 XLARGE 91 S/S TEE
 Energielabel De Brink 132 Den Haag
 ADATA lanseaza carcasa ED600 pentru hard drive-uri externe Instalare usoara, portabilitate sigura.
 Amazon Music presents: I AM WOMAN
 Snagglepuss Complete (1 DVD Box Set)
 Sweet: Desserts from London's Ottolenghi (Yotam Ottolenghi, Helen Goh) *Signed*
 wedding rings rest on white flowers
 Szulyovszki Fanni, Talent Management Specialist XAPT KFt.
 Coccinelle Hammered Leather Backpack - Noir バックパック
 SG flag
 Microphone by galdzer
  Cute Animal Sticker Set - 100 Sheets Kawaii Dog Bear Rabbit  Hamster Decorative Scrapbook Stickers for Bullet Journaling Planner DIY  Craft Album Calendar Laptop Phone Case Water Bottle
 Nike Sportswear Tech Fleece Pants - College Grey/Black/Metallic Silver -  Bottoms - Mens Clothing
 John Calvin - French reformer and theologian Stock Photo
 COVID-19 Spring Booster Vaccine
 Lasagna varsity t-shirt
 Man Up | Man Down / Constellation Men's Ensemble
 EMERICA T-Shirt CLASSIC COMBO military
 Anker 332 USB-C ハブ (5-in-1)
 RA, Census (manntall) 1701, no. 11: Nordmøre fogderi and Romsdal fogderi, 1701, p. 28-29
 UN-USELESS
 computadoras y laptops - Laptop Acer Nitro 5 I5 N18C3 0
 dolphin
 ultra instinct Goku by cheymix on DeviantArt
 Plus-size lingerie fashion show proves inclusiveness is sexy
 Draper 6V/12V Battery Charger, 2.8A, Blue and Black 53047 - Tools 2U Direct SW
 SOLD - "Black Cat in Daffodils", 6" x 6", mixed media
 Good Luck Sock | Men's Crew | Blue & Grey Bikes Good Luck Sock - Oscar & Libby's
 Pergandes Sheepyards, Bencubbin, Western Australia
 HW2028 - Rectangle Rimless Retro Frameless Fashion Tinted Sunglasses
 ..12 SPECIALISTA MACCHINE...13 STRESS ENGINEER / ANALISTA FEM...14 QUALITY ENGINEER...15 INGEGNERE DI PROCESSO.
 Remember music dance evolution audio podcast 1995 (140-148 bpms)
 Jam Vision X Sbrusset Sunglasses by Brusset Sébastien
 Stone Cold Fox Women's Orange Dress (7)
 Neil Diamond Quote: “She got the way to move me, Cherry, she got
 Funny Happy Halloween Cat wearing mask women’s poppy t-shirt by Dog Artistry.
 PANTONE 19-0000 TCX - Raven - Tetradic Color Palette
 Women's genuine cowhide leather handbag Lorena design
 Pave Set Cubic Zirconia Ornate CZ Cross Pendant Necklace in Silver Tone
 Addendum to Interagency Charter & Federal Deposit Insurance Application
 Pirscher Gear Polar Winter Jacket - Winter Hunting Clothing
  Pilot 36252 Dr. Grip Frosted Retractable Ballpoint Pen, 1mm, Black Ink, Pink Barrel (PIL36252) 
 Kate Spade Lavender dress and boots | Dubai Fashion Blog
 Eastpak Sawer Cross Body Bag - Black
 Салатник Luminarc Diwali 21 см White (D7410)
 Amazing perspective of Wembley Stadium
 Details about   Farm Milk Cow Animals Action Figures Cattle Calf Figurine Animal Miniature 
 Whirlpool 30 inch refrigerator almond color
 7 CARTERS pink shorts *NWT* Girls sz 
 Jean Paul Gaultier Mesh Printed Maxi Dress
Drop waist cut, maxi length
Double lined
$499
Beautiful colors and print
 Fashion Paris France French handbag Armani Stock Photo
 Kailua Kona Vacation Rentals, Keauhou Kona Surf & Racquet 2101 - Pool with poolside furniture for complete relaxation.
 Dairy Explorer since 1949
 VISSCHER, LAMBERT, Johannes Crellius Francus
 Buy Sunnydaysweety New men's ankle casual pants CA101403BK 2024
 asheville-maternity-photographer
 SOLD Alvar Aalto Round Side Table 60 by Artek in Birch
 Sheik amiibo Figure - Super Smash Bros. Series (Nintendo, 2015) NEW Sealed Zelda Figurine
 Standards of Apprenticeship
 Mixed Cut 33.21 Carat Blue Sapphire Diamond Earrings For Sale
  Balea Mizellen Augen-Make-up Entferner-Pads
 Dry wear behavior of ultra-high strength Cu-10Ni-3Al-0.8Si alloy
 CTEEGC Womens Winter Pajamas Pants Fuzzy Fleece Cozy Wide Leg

Problem description
Give back, word for word, the lines from the one with "Kailua Kona Vacation" through the last line of the entries, both included, and no other line.

Task solution
 Kailua Kona Vacation Rentals, Keauhou Kona Surf & Racquet 2101 - Pool with poolside furniture for complete relaxation.
 Dairy Explorer since 1949
 VISSCHER, LAMBERT, Johannes Crellius Francus
 Buy Sunnydaysweety New men's ankle casual pants CA101403BK 2024
 asheville-maternity-photographer
 SOLD Alvar Aalto Round Side Table 60 by Artek in Birch
 Sheik amiibo Figure - Super Smash Bros. Series (Nintendo, 2015) NEW Sealed Zelda Figurine
 Standards of Apprenticeship
 Mixed Cut 33.21 Carat Blue Sapphire Diamond Earrings For Sale
  Balea Mizellen Augen-Make-up Entferner-Pads
 Dry wear behavior of ultra-high strength Cu-10Ni-3Al-0.8Si alloy
 CTEEGC Womens Winter Pajamas Pants Fuzzy Fleece Cozy Wide Leg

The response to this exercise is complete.